The results are identical, but now you can:
- Create new assignments without code changes
- Use templates for consistent prompt structure
- Benefit from the unified CLI interface
- Access improved validation and error handling

## 🐛 Troubleshooting

### Common Issues

1. **"Assignment not found"**
```bash
# List available assignments
./grader list
# Validate assignment config
python tools/config_validator.py assignments/your_assignment/config.yaml
```

2. **"Missing API keys"**
```bash
export OPENAI_API_KEY="your-key"
export ANTHROPIC_API_KEY="your-key"
```

3. **"Template errors"**
```bash
# Validate templates
python core/prompt_builder.py
```

4. **"GitHub integration issues"**
```bash
# Run GitHub scanner separately
./grader github-scan submissions/
# Or disable GitHub integration
./grader grade submissions/ --assignment name --no-github
```

### Debug Mode
Add `--dry-run` to any grading command to see what would happen without making API calls.

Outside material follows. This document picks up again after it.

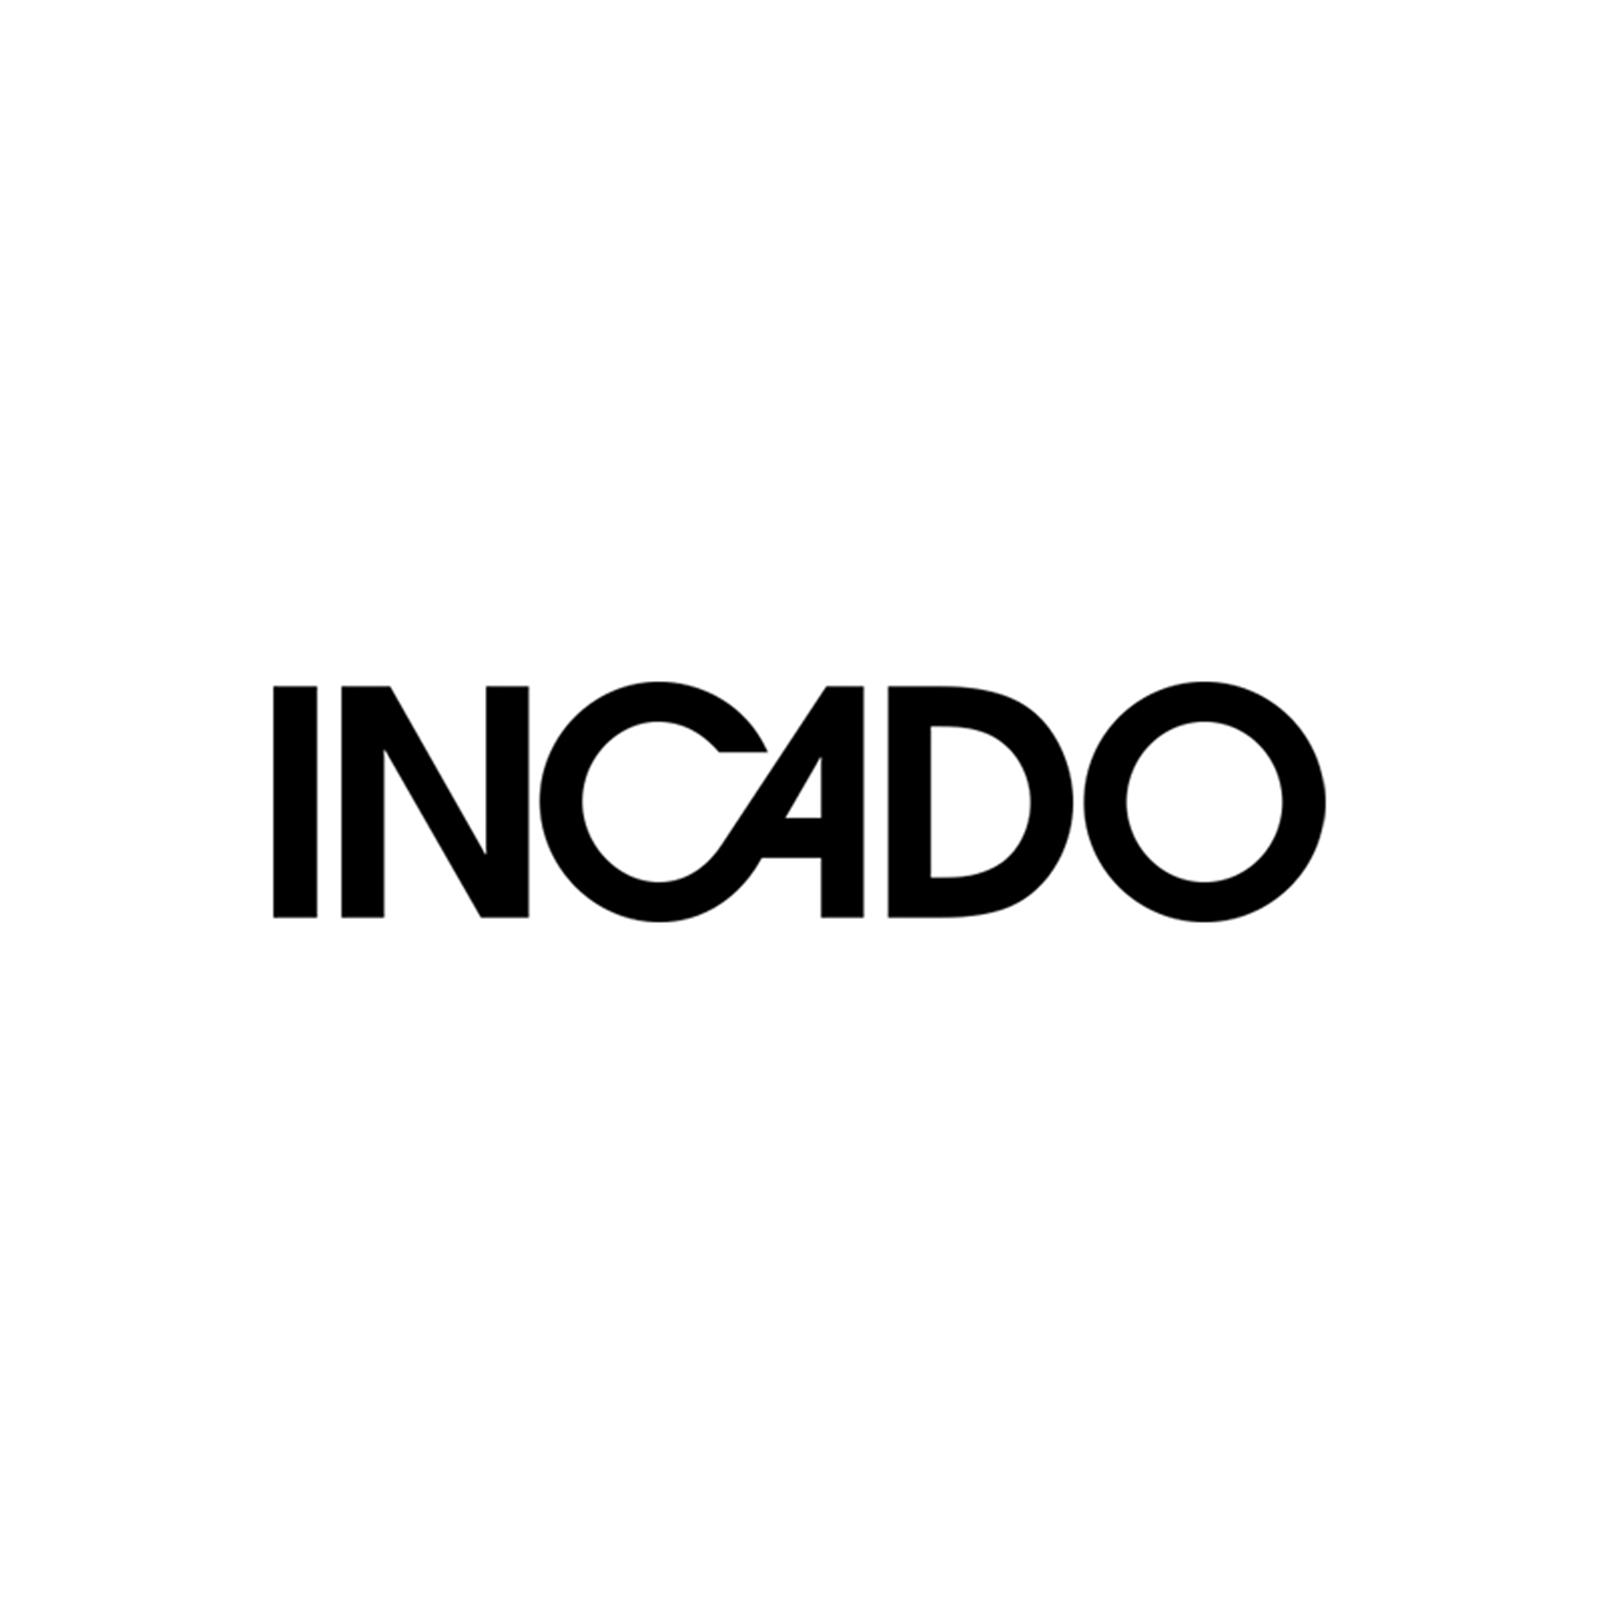 Incado_logo_rammer

## 📚 Additional Documentation

- **[USAGE.md](USAGE.md)** - Detailed usage guide with advanced examples
- **[ASSIGNMENTS.md](ASSIGNMENTS.md)** - Complete guide to creating and configuring assignments
- **Original documentation** in `docs/` folder for reference

## 🤝 Contributing

1. Create new assignments in `assignments/` folder
2. Add new templates in `templates/` folder
3. Validate configurations with `tools/config_validator.py`
4. Test with dry runs before live grading

## 📝 License

This project inherits the license from the original grading system.